■ REQUIRED WORK: Give back exactly the lines of the data below, starting with the line that has "XC-Gateご紹介動画をご覧ください。" and going on through the line that has "CSISP - Support".

■ RECORDS FOR THIS TASK:

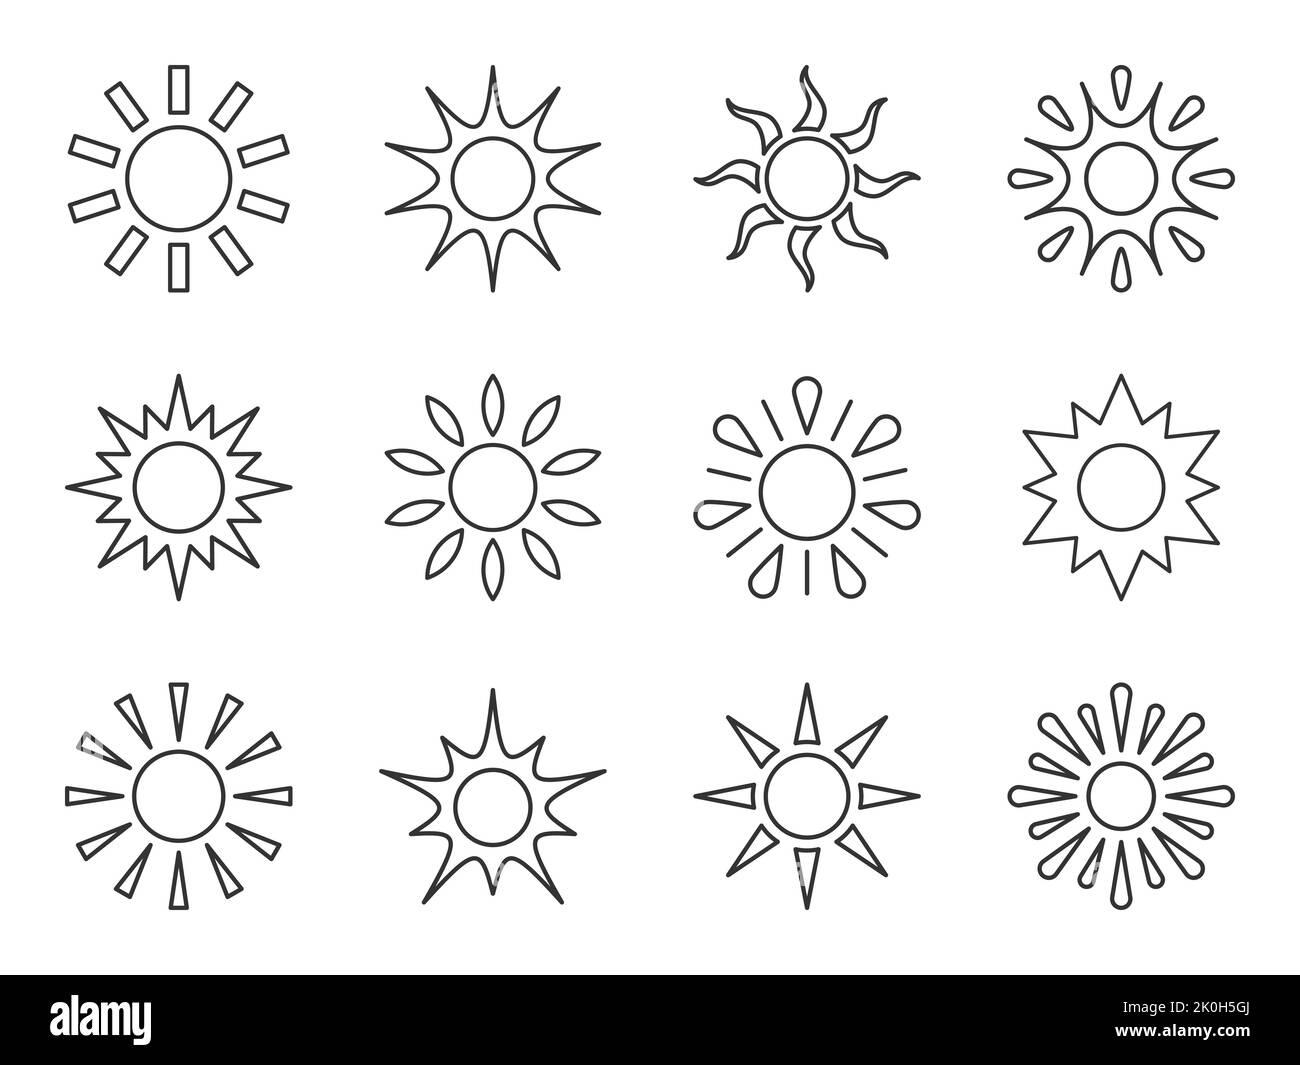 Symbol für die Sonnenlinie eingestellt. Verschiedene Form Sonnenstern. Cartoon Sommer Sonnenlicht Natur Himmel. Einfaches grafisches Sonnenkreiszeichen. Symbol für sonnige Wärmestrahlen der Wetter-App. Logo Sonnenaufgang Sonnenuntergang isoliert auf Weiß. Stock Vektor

--

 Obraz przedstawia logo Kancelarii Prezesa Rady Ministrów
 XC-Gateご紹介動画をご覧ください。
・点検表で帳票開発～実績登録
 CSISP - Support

■ PROBLEM SOLUTION:
 XC-Gateご紹介動画をご覧ください。
・点検表で帳票開発～実績登録
 CSISP - Support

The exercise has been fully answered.